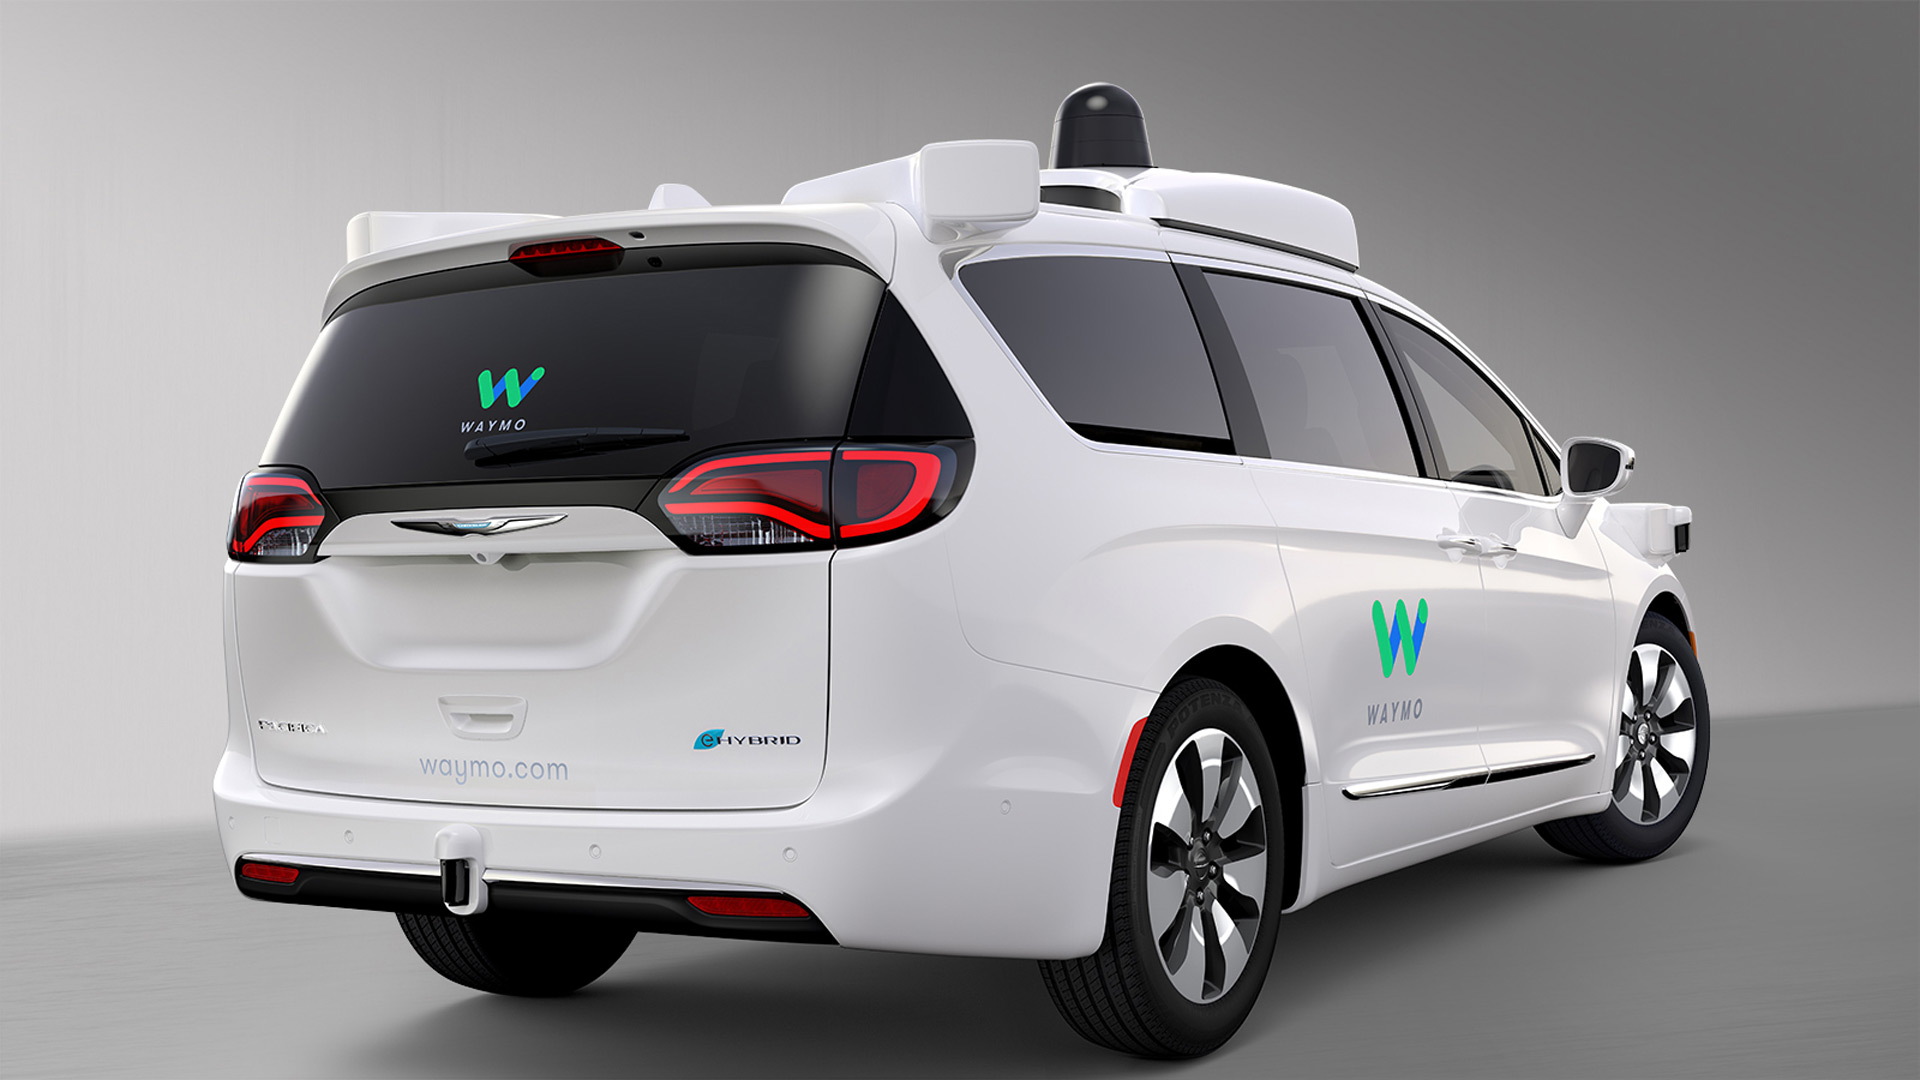 Waymo self-driving prototype
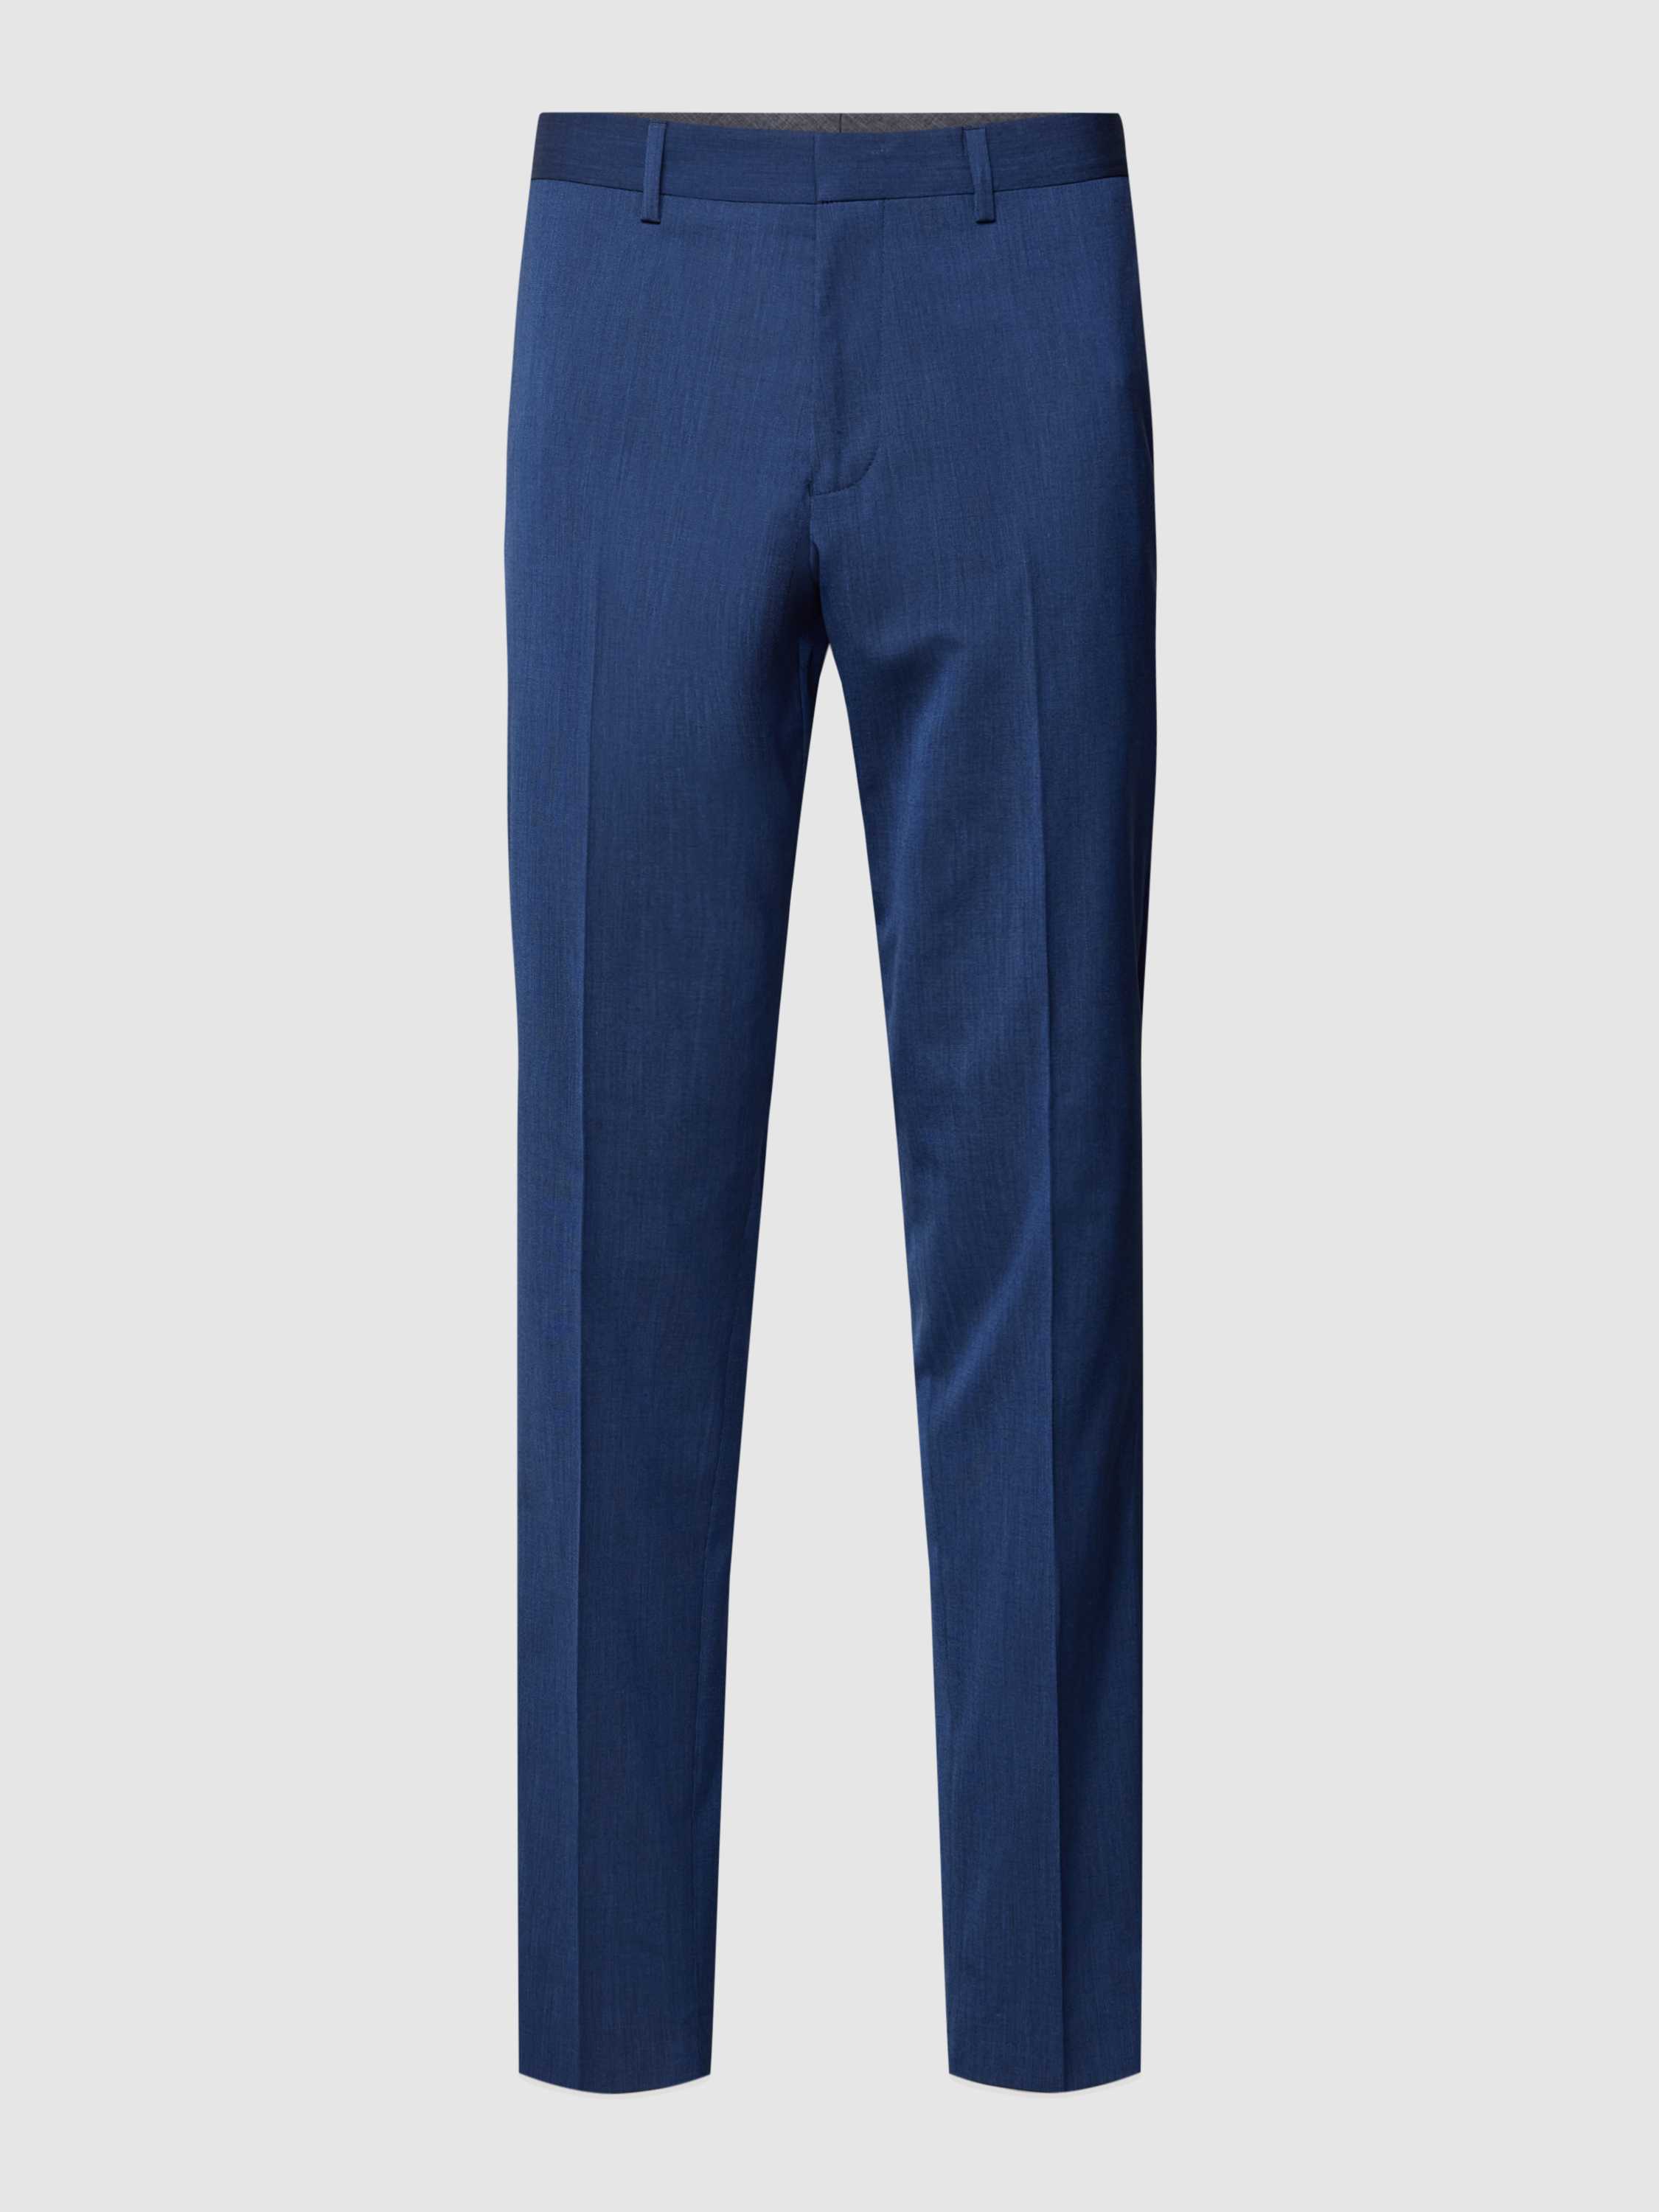 S. OLIVER BLACK LABEL Pantalon in koningsblauw met persplooien model 'Opure'
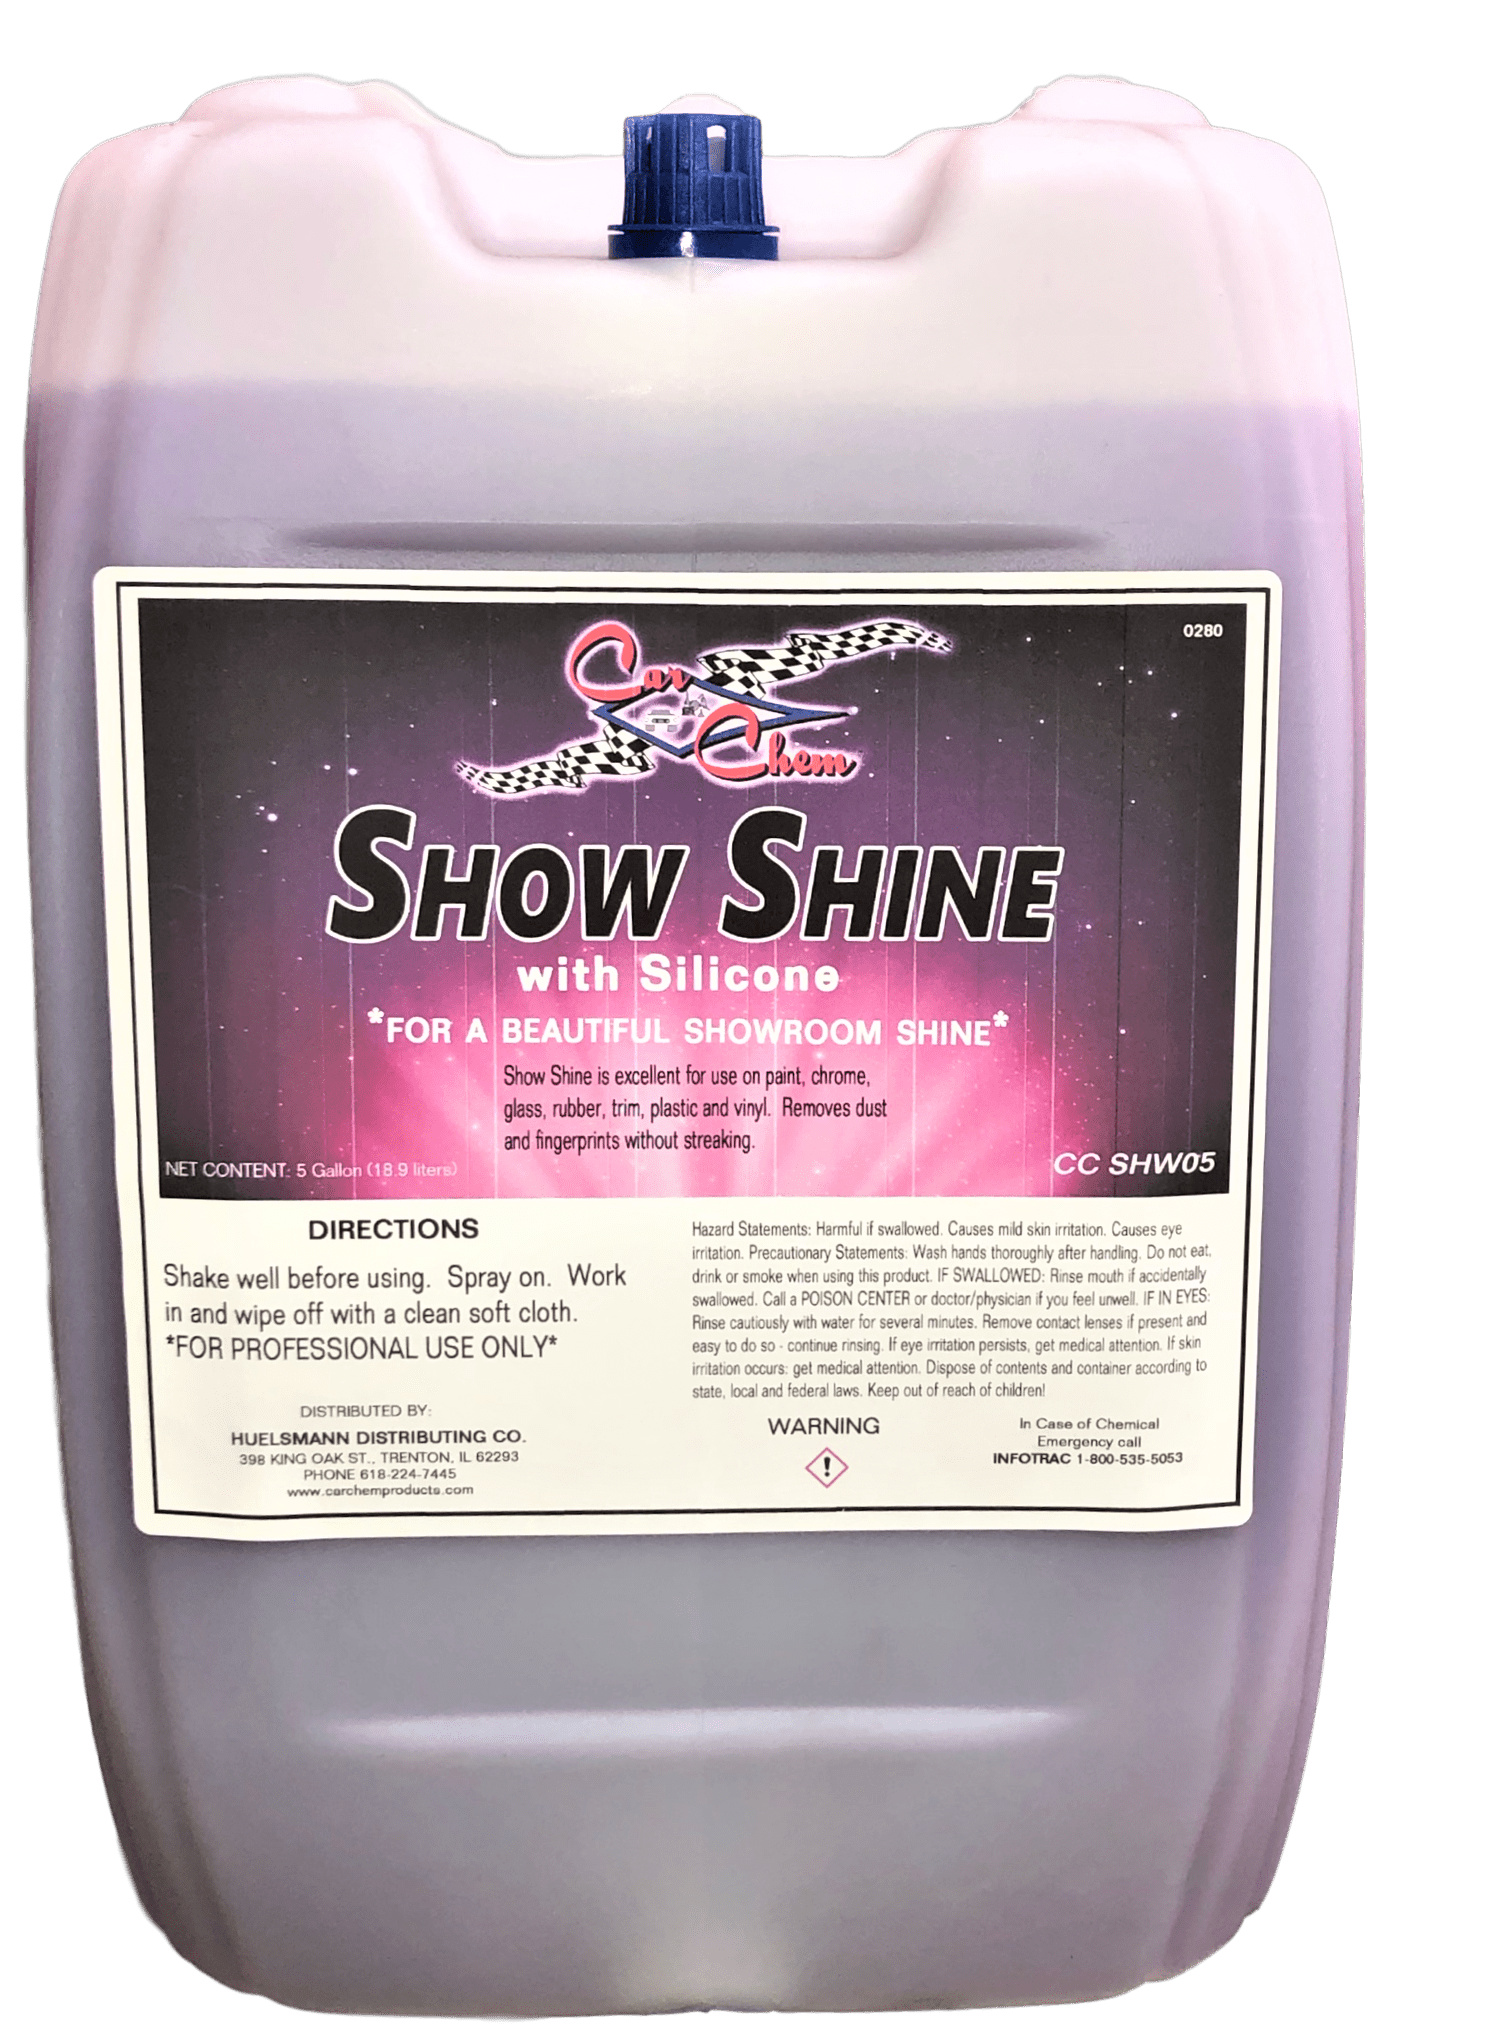 Sprayway Low Pro Tire Shine CarChem

........

__EXERCISE DETAILS__. A faithful copy of all the data above is required, printed exactly and with no pictures.

__RESULT FOR THIS EXERCISE__.
 Waymo self-driving prototype
 S. OLIVER BLACK LABEL Pantalon in koningsblauw met persplooien model 'Opure'
 Sprayway Low Pro Tire Shine CarChem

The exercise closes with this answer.